- What to work on: The data below is to be written out exactly, with no pictures.
----- Supplied information
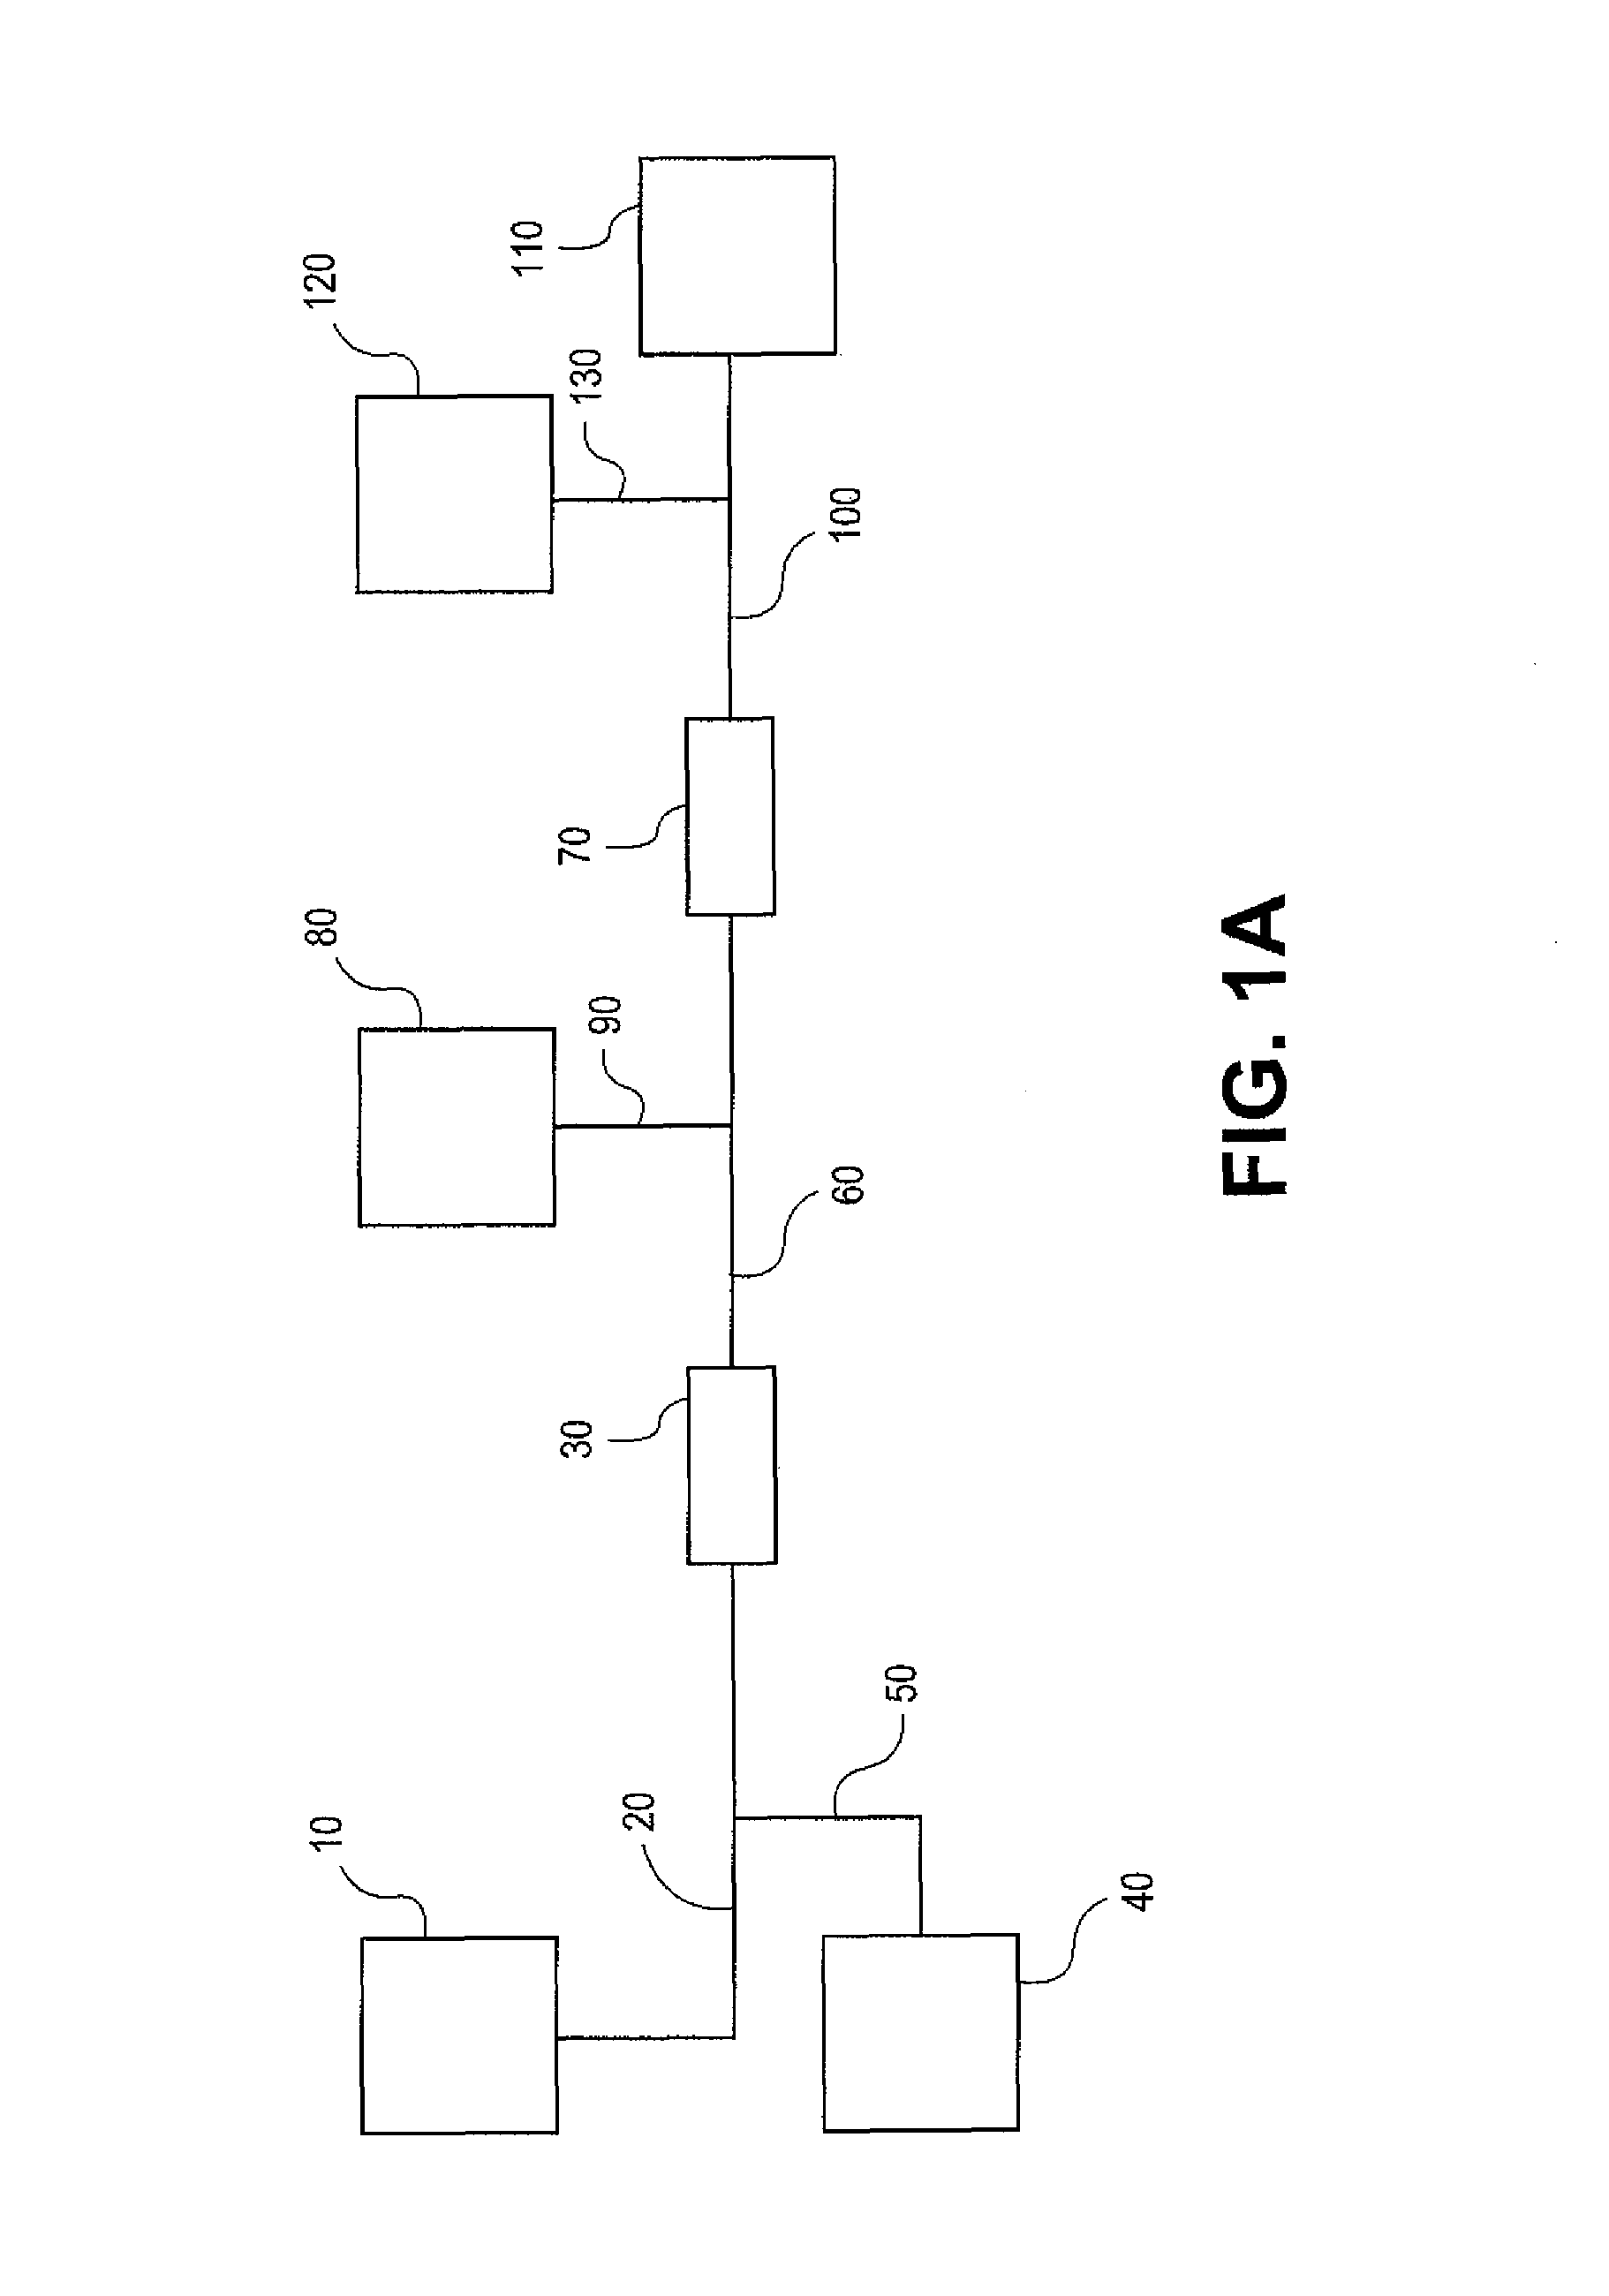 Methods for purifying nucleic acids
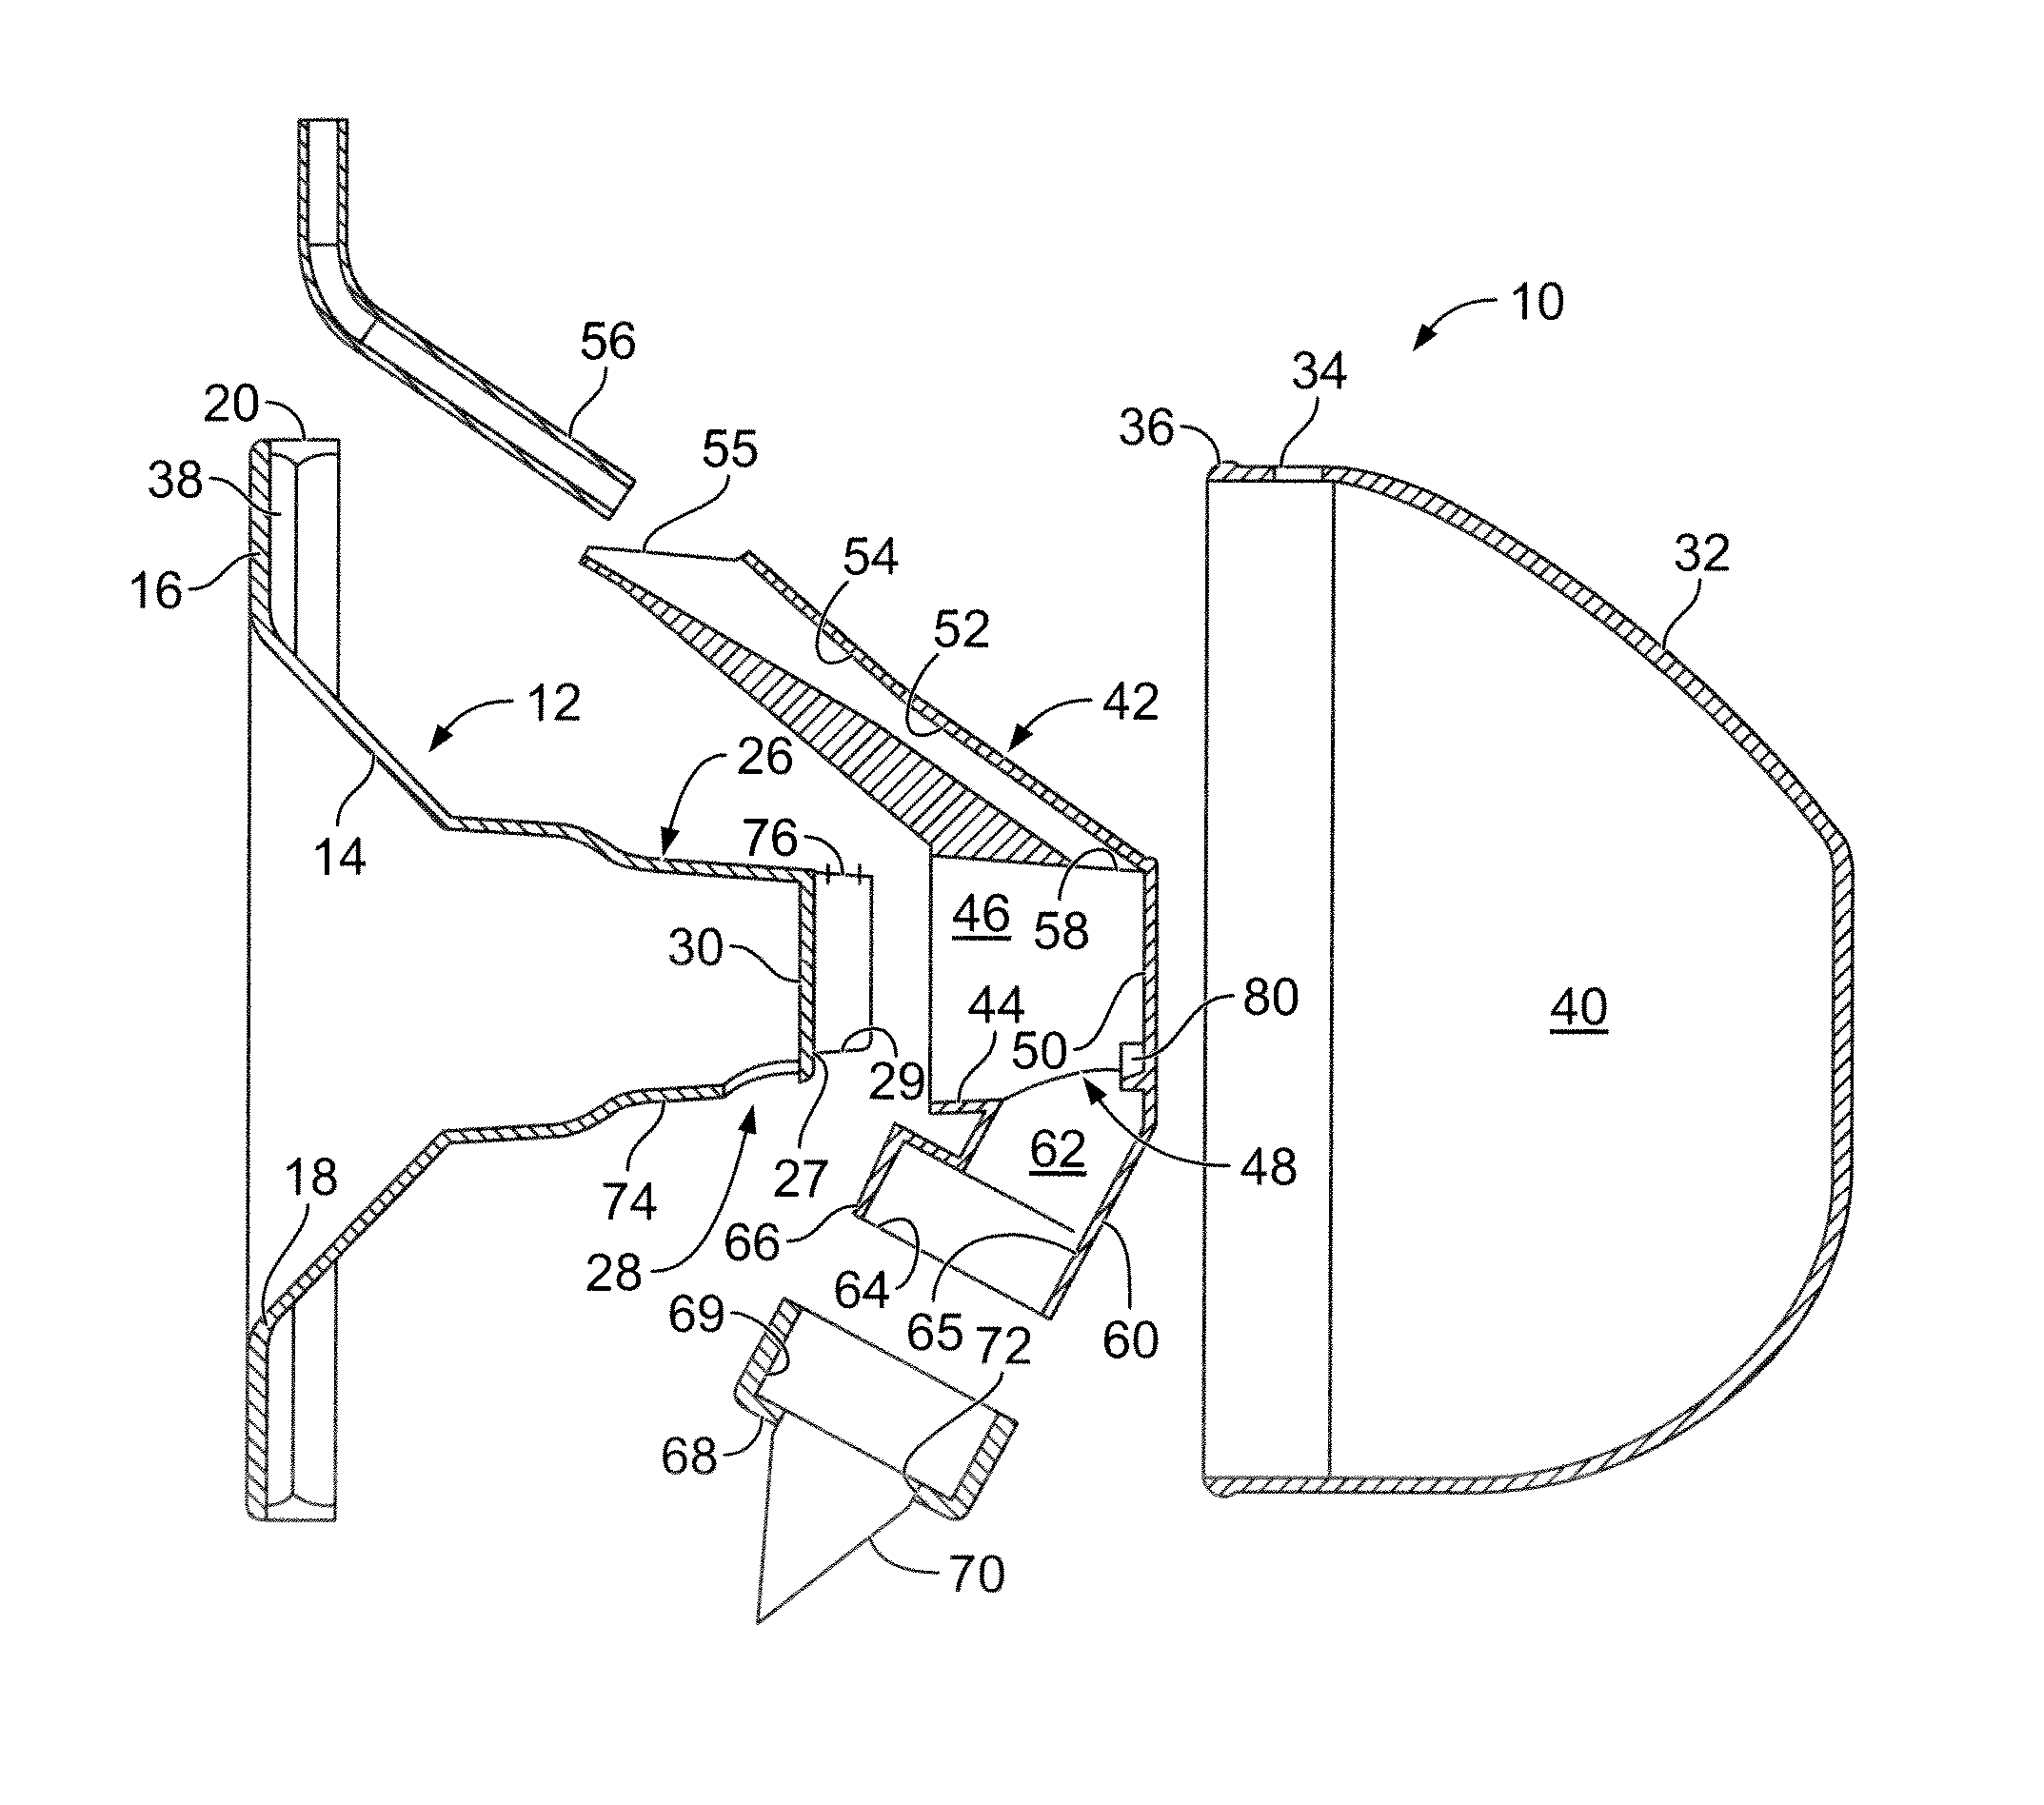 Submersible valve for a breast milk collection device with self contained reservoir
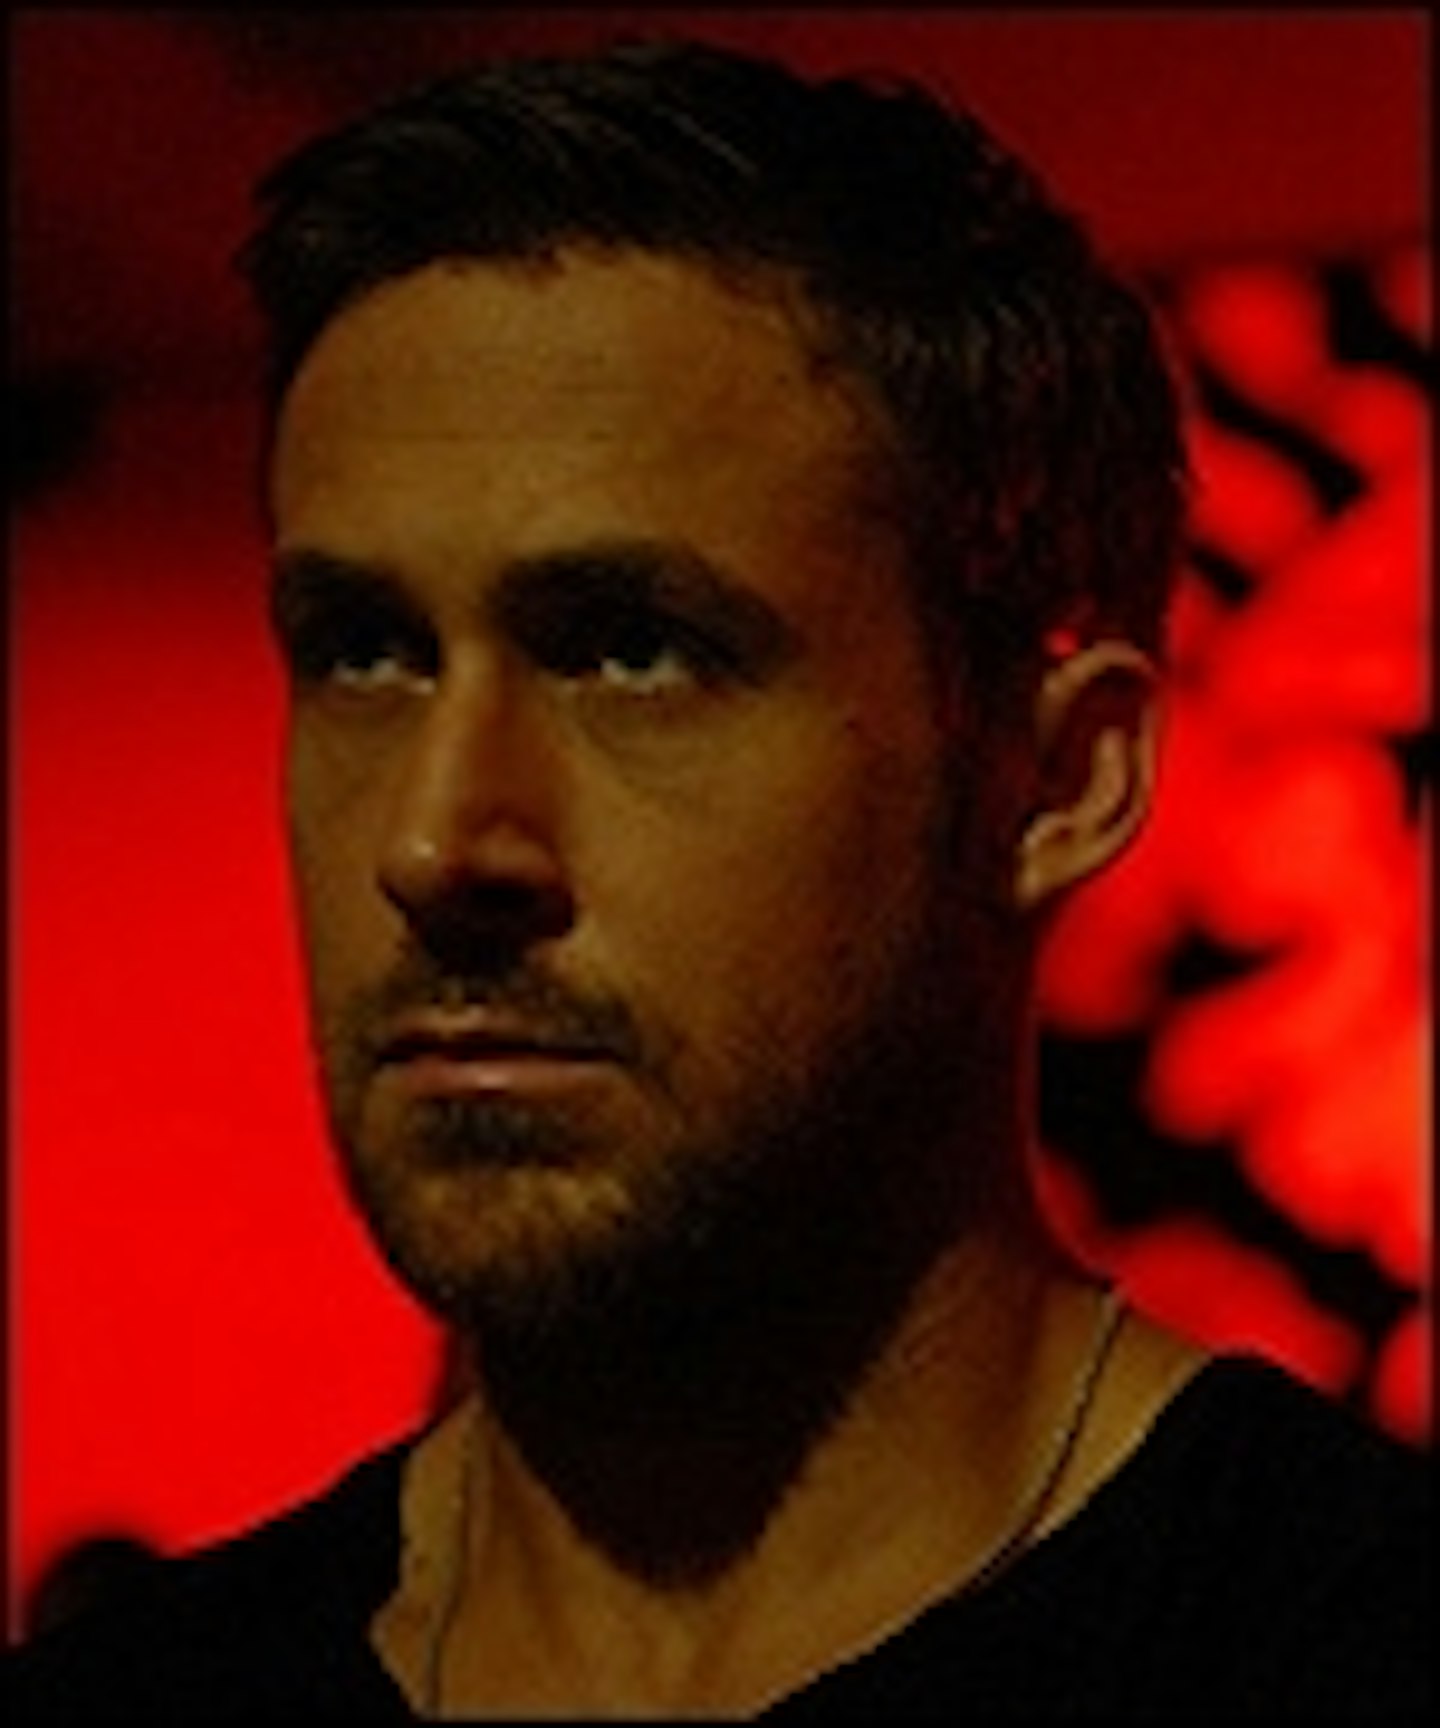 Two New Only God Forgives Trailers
----------
- Output of the exercise:
 Methods for purifying nucleic acids
 Submersible valve for a breast milk collection device with self contained reservoir
 Two New Only God Forgives Trailers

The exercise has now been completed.